WILDING: THE RETURN OF NATURE TO A BRITISH FARM
ISABELLA TREE, PICADOR, £20 (HB)
Despite their best efforts, Isabella Tree and her husband Charlie Burrell found that their 3,500 intensively farmed acres in Sussex kept losing money. Costs were soaring; markets against them. “We had hit the buffers,” she writes. What the couple did next is an inspiring story that leading conservationists are calling a “new hope” for our countryside.
Isabella and Charlie decided their Knepp estate would be run with – not against – nature. In 2000 they sold all their equipment to embark on a ‘handsoff’ naturalistic grazing project, using free-roaming herds of Exmoor ponies, English longhorn cattle, Tamworth pigs, fallow and red deer.

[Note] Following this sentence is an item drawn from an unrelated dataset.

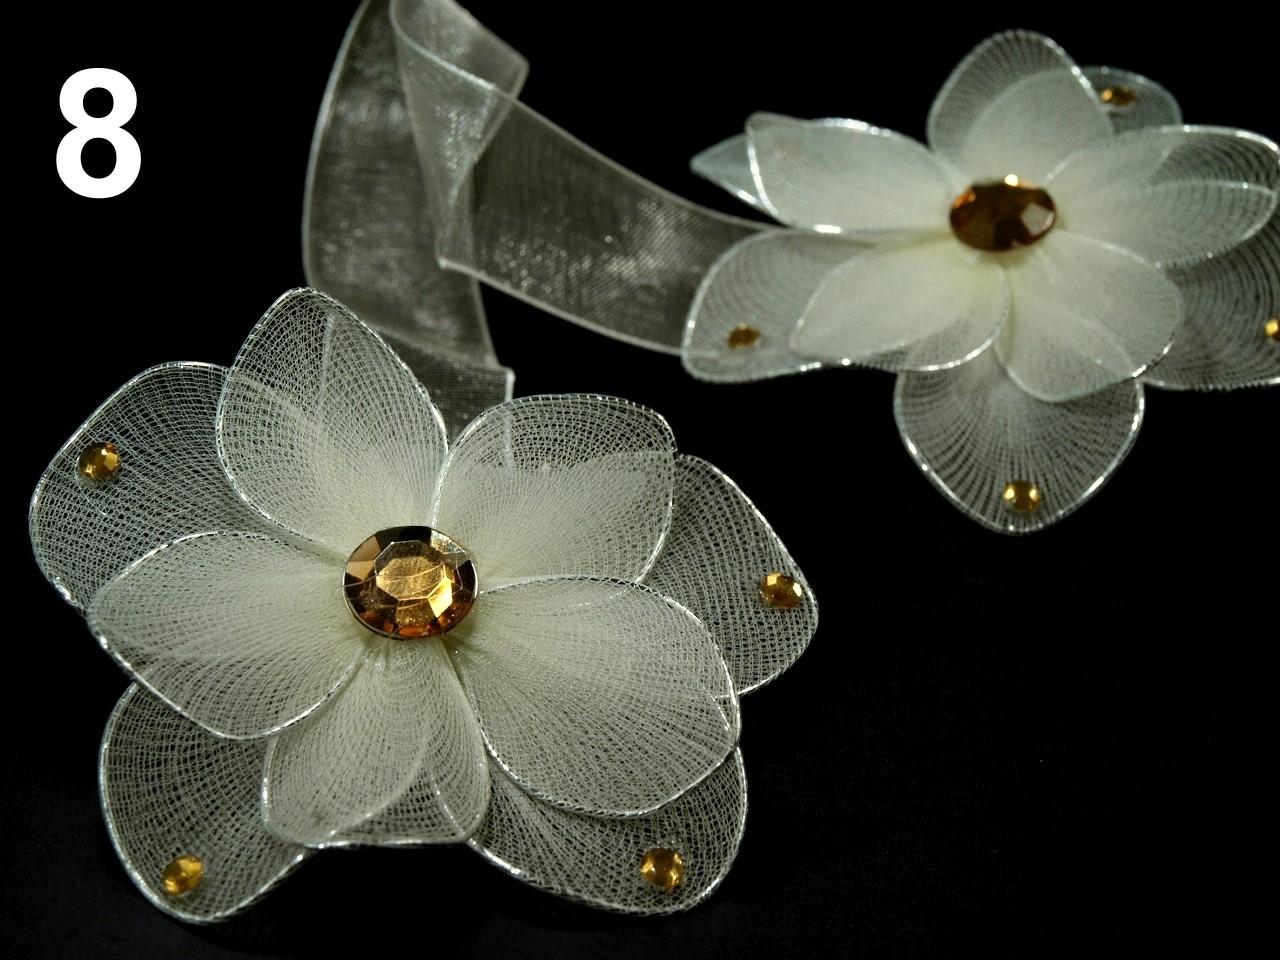 Ozdobná spona na závěsy s magnetem rozměr 8x33cm květina 12ks - 28 Kč / ks 8 béžová sv.

Fences were ripped up, drains removed, a river rewilded, all management kept to a bare minimum.
As the land was “released from its cycle of drudgery”, it became a complex wood pasture, with waist-high grasses and rooks and jackdaws riding the backs of fallow deer. Threatened species began flocking back. Knepp is Britain’s best site for purple emperor butterflies and one of only two places where nightingales are rebounding. Turtle doves purr from patches of scrub.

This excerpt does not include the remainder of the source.